I realize that my rhetoric regarding HB 187 has been as stern as anyone and quite honestly, I meant every word I said :lol: . Nevertheless, I do see that landowners have legitimate concerns and to achieve a lasting legislative solution that avoids more litigation afterwards, we need to come to a solution that is close to agreeable to all parties. Additionally, in some committee work I have done, it is recognized that many angling projects are in need of volunteer work, but the State lacks a "carrot" to get angler assistance that the successful Dedicated Hunter program provides hunters.

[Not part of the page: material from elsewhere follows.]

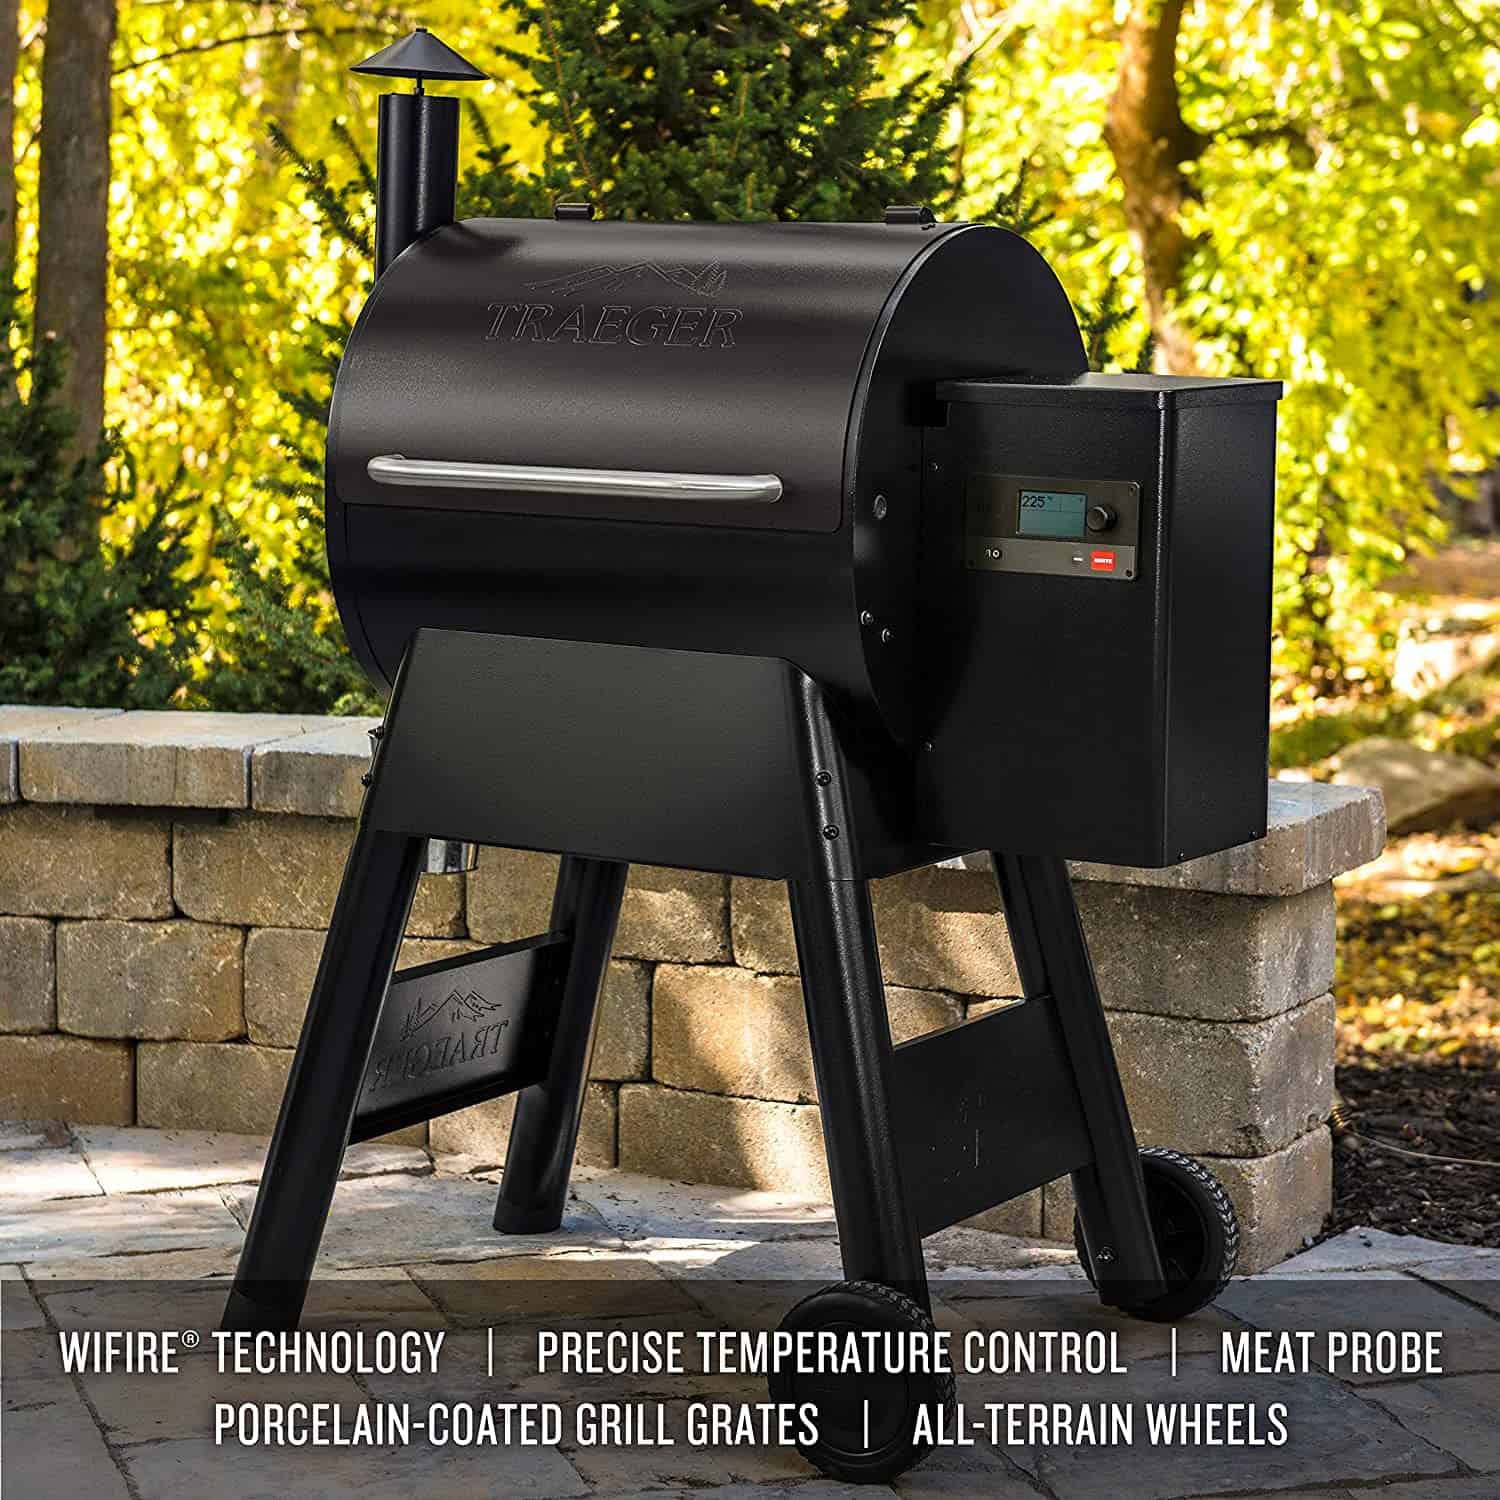 Traeger Grills Pro Series 575 Wood Pellet Grill and Smoker in garden

What would happen if a stipulation for fishing a "public water on a private bed" stream (to use Ferry's terminology) would be to complete a specified amount of service, particularly stream clean up on these rivers in question along with others? While the public has the right currently to recreate on the water, the State has the right to regulate it. Each private stretch would be scheduled for periodic clean-ups as well as habitat and repair work as needed and permitted by the landowner. In return, the angler would receive a "license stamp" permitting fishing on these areas. Since the fisherman would be put in charge of keeping the habitat clean, we would be particularly attentive to keeping the river immaculate. The landowner would no longer be able to whine about litter and such. We anglers would be especially attentive for scuzzbags littering or committing vandalism or trespassing violations, since we would be the ones dealing with it. It may even keep some of the "riff raff" types out of these sensitive areas because, to be honest, most of the jerks that cause us fishermen problems are not going to care enough to work on a clean up project. Mainly, it would unite both us and landowners as co-stewards of the resource. 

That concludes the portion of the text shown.